** Opening Material supplied block **
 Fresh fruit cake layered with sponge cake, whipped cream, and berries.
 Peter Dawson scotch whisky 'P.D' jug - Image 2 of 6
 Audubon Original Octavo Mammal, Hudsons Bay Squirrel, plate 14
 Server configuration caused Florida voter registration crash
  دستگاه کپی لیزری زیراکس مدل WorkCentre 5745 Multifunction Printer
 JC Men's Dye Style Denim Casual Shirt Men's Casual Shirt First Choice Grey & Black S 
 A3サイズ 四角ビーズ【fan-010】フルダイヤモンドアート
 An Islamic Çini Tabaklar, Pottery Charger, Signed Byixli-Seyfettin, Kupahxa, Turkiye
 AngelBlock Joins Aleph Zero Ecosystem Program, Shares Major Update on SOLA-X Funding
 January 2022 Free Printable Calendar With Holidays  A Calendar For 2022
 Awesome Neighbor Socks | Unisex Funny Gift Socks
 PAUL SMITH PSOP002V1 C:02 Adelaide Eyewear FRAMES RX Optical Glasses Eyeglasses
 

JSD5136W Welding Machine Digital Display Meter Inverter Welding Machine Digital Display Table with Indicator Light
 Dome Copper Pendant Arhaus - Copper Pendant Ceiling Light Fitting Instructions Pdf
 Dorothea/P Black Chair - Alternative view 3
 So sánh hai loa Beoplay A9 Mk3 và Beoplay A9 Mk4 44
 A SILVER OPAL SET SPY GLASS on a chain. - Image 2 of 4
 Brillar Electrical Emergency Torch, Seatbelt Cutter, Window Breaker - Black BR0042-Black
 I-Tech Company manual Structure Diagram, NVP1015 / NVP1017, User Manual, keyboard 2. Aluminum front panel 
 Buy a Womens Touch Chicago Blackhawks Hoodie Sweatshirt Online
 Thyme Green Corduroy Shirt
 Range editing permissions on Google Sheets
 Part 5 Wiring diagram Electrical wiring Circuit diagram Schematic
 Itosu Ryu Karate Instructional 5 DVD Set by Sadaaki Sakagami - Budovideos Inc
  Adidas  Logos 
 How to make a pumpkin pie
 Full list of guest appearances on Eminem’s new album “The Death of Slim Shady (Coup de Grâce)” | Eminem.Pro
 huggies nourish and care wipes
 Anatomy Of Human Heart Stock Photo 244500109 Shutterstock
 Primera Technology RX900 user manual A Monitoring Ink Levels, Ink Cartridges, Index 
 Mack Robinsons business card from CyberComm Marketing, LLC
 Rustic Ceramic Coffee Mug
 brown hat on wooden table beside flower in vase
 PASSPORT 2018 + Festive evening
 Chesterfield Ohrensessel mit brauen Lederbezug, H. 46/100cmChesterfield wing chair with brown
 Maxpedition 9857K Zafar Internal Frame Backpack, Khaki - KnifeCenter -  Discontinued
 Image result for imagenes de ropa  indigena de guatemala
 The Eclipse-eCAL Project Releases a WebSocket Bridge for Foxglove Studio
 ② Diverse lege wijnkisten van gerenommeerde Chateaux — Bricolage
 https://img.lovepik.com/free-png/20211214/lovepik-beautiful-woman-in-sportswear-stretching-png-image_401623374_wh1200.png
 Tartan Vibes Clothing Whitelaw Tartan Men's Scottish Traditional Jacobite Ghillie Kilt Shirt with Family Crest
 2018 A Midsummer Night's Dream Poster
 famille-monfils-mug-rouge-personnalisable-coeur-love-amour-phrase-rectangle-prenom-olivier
** Closing Material supplied block **
◆ Required action: As listed above, the lines from the line with "PASSPORT 2018 + Festive evening" to the line with "Image result for" are to be echoed exactly, with both ends included and nothing added.

◆ Task result:
 PASSPORT 2018 + Festive evening
 Chesterfield Ohrensessel mit brauen Lederbezug, H. 46/100cmChesterfield wing chair with brown
 Maxpedition 9857K Zafar Internal Frame Backpack, Khaki - KnifeCenter -  Discontinued
 Image result for imagenes de ropa  indigena de guatemala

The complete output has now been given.